# stalling problems with 11 hp briggs and stratton engine



## mikeheckle (Nov 8, 2011)

Does anyone have and idea about this one. I have an 11 hp briggs and stratton engine on a giant leaf blower. When the tank is around half full the engine will start to cut out when the machine is on an angle( approx 5 to 10 degrees). It appears to be full starvation of some sort. I suspect the float. Any ideas.


----------



## jrrdw (Jun 26, 2010)

What are the engine numbers? Have you tried draining the carburater bowl?


----------



## mikeheckle (Nov 8, 2011)

the engine number is 254422 type 1508 0I 
I dropped the bowl and reset the float. Since I did not know the settings I raise the float 1/8 inch allowing more fuel in theowl. It runs a little better however where it started with one pull it now takes several. I reset the high speed jet and replaced the fuel filter. Does anyone know the factory float setting.


----------



## jrrdw (Jun 26, 2010)

I turn the carb upside down and make the float set level but there is a spec on it in the repair manual. If the long tube on the main jet (high speed needle) is bent/dented/clogged in any way shape or from it will cause problems in the way it runs not fuel pick up. That needle should just screw in and no adjusting needed. The fuel/air mixture needle (screws into the side at the top and has a spring on it) is adjustable but do so with the engine warm at a idle, then check acceleration (should be a smooth transition from idle to top speed). 

Carb breakdown

Have you checked the fuel pump? Take the fuel line off that leads to the carb and turn the engine over like your starting it.

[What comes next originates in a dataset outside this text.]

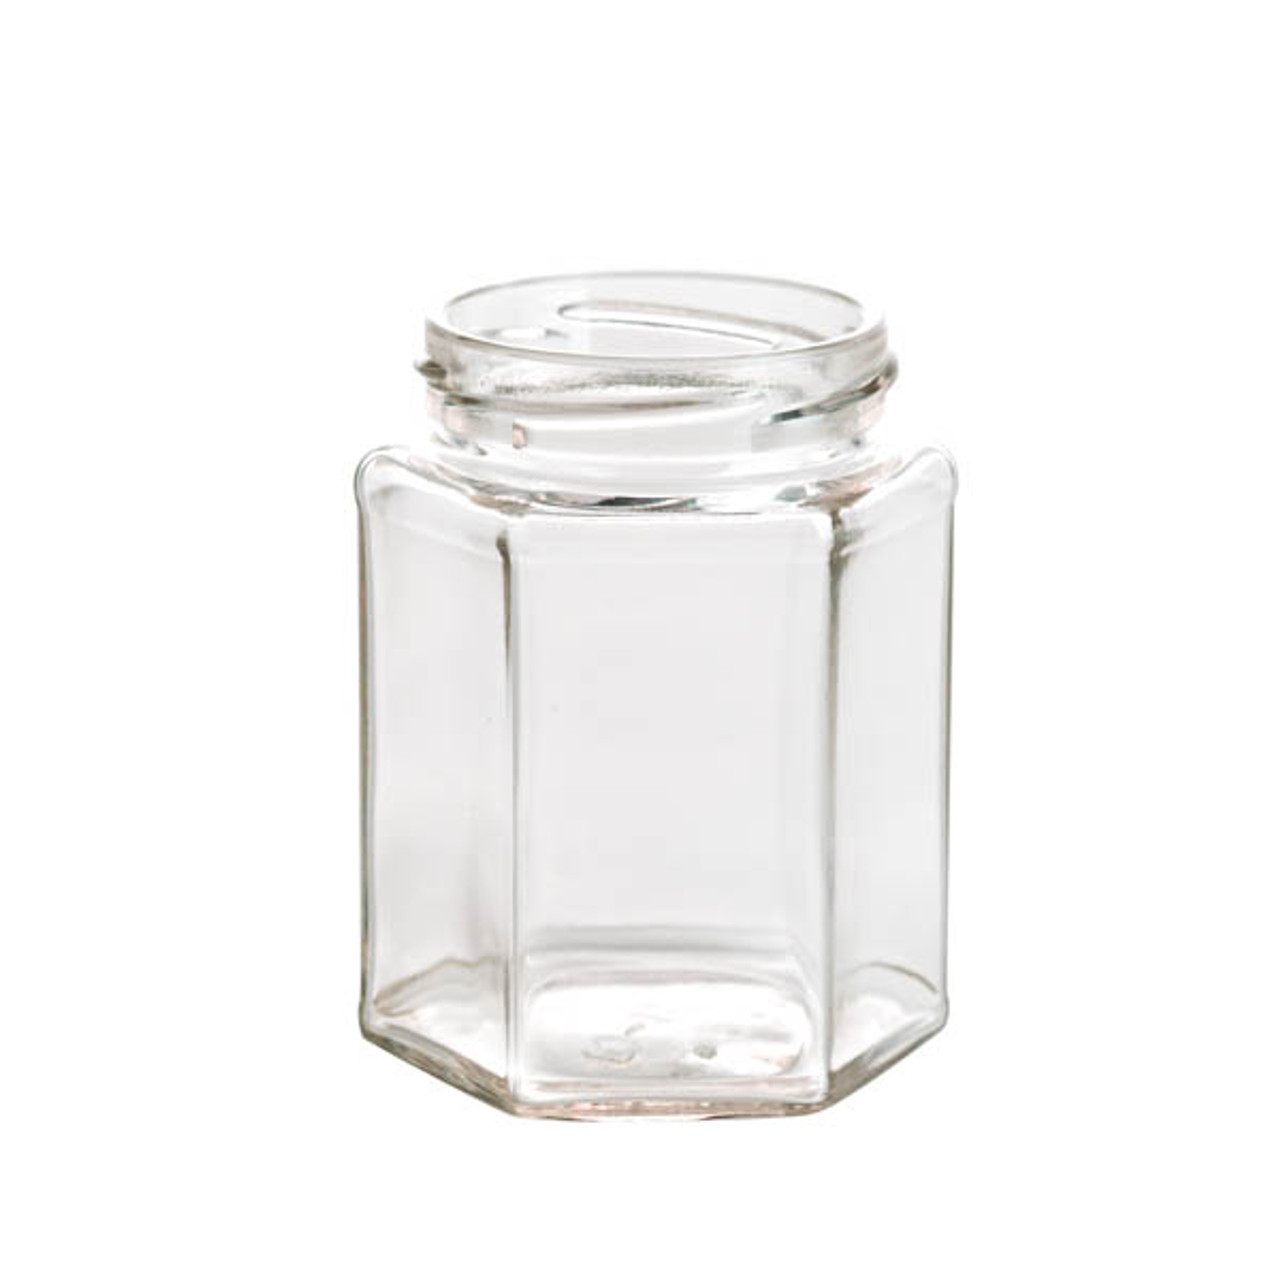 Oval Hexagon Glass Jar with White Lid, 12 oz

It should squirt a solid stream of gas with pressure. If it doesn't replace it.

Fuel pump and fuel tank.


----------



## mikeheckle (Nov 8, 2011)

Thanks 
The one odd part is that there is no fuel pump on this model. Just a straight gravity feed from the tank to carb with a fuel filter in between.


----------



## jrrdw (Jun 26, 2010)

The vent hole in the gas cap isn't clogged is it? I'm assumeing you tried simply restarting it when it quit? If it continues to shut off at half a tank of gas quickly and carefully remove the spark plug and check it for spark. It's very unusual for a gravity feed system to stop working at half a tank when it was running fine to that point.


----------